Mrs Lopez nodded and Lopez waved an open hand in the air in a relaxed way, saying “Hello, Ignatius.”

“Mr Hartono.”

The big man stood up and took his hand with a “Hi.”

“National service, eh?” Hartono said. It wasn’t really a question.

“Bertha was our hockey star, Ignatius …”

“Gosh, Antonio. That was years ago.”

“And don’t forget the Negri star is here too,” his mother added.

“Nowhere near Bertha, Gloria,” Mrs Lopez said. Her accent was so English, Ignatius thought.

“Hey! Antonio, don’t forget, also one ballroom prizewinner, here,” Lopez said with a laugh.

Hartono added at once, “And me nothing.”

“He can’t forget that miserable prize he won … with that Toft girl, lah.”

“True love is when your wife is still jealous …”

“Didn’t you play for the Malacca state football team, Antonio?”

“Yeah … only a few games …”

“Ran out of stamina.” Gloria added with a laugh.

Antonio put his hand on Ignatius’ shoulder, “And here we have the top marksman of his platoon …”

“Company, Anton,” Gloria corrected him.

Hartono smiled at him and pointed to his wife. “Like my wife when she was young …”

“Younger, he means, of course,” she said with one of her lovely smiles.

“Sorry. I’ve been neglecting my duty. Are you quite sure, Bertha, you won’t have anything?”

“Yes, Antonio. I’m going out tonight. Have to check up on our chaps. Late, tonight.”

“Exciting secret operation, eh?” Antonio asked.

“No lah. Just routine surveillance.”

“You still go out on surveillance jobs?”

“No. Unless it’s a biggie. Tonight I have to go out late because if the team picks up what I think they will, we will have to move at once.”

“You must be one of the very few women inspectors, Mrs Hartono?” Ignatius asked her.

“Pretty face gets quick promotion,” Mr Hartono started to speak, but was cut off by his wife at once.

“Don’t you listen to him. There’s only one way up …”

“Blood, sweat, toil and tears,” Ignatius finished for her.

“I say, you Singapore guys are quick, uh?” Mrs Lopez said.

Ignatius said he had to go. Back to camp. He rang Naomi.

After she told him about the movie on TV she had been bursting to talk about, prefaced with “It’s just like us”, he said he had just met a striking woman. Did she know her? Inspector Bertha Rodrigues?

“Of course, the hero girl.”

“Please! Heroine, lah!”

“Heroine then. Why? She drugged you, huh?” Naomi laughed at her joke on the phone.

“Ha ha!” Ignatius did his forced laugh act. “Don’t worry, sweetheart, you’ll be an older and sexier woman soon.”

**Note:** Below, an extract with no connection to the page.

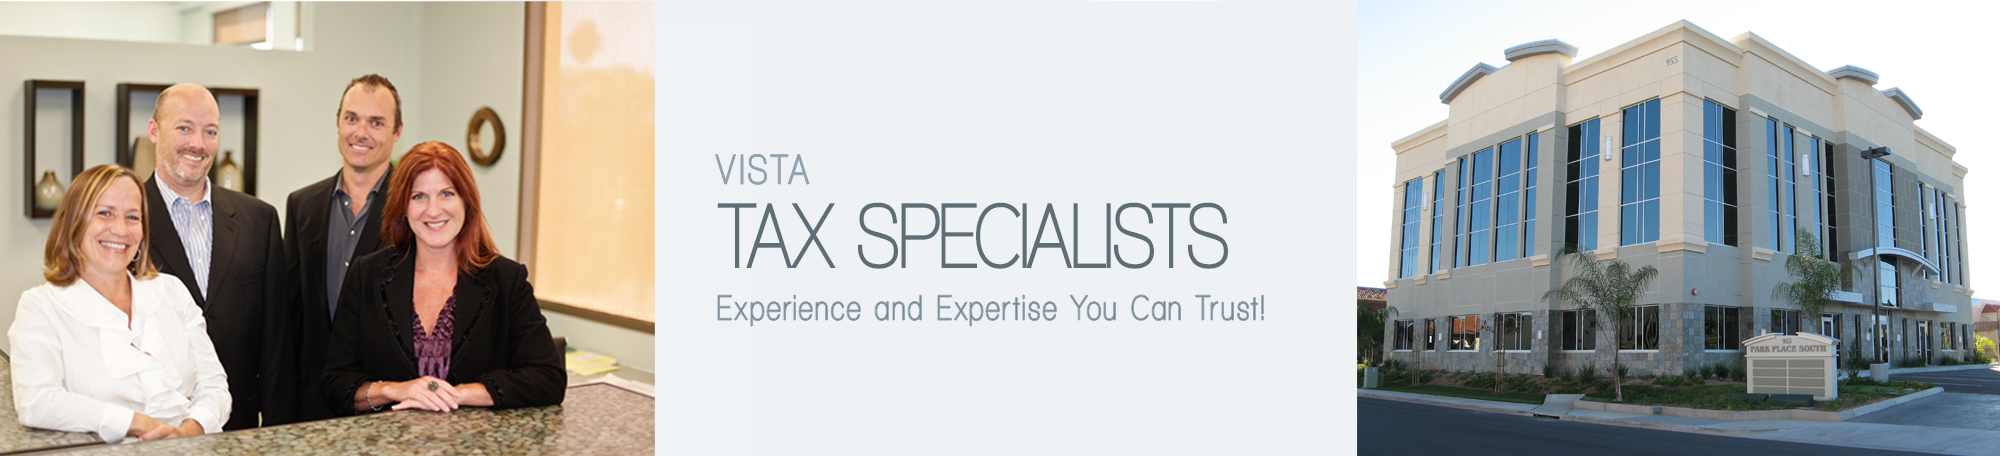 Vista Tax Specialists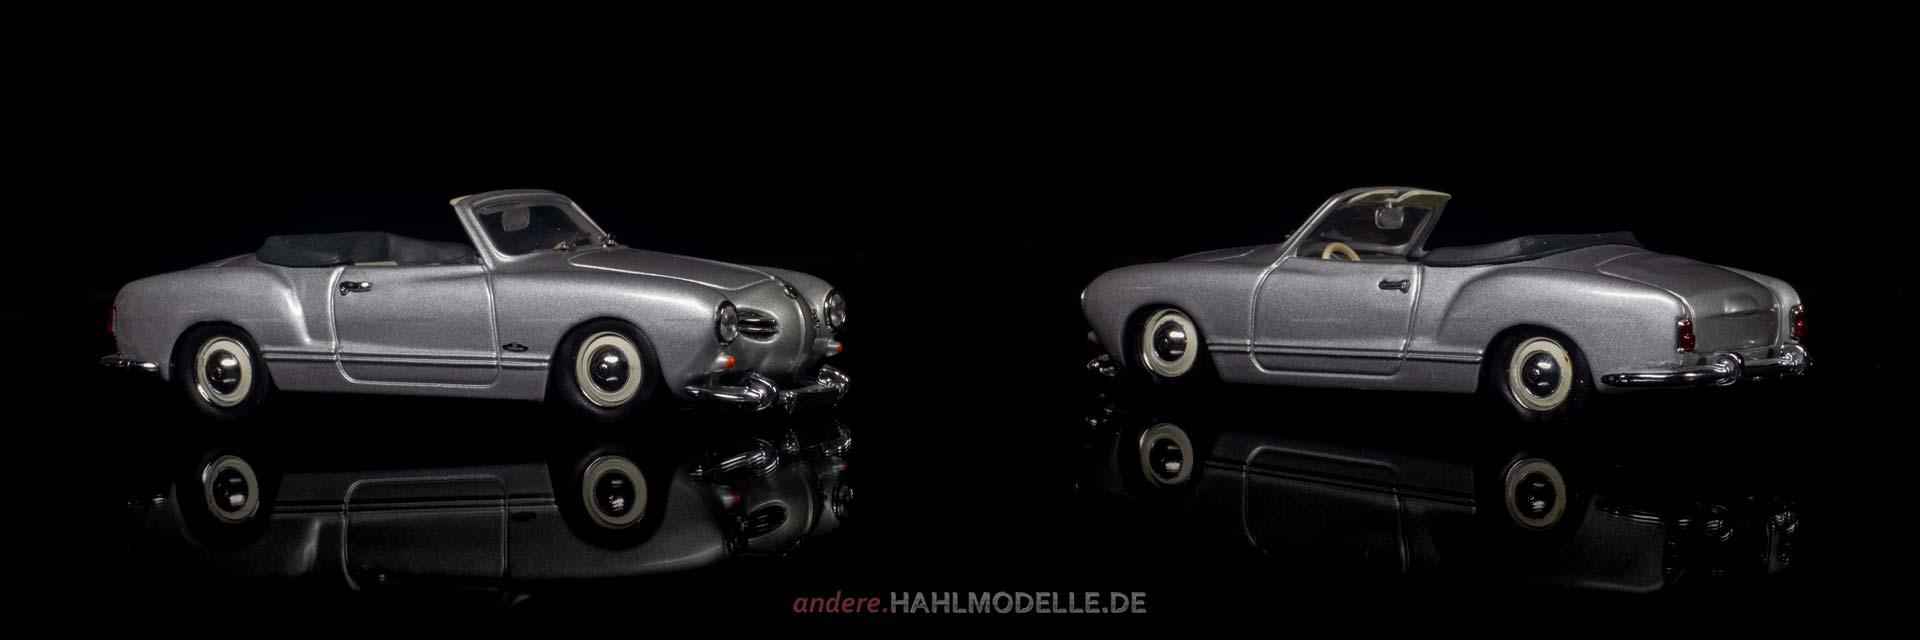 Volkswagen Karmann Ghia 1200 (Typ 14) | Cabriolet | Minichamps | 1:43 | www.andere.hahlmodelle.de

“Older yes … but shit in sixty years …”

“She’s not that old, Naomi.”

Naomi giggled. “Guess I got to be happy that you only look at older women, huh, my handsome one?”

“Ah, for Gawd’sake, Ignatius. Leave the child alone,” Eva’s voice boomed in his other ear. “C’mon. It’s time to go. Two seconds to say your sloppy stuff. I’ll bring the car round to the front. Two seconds.”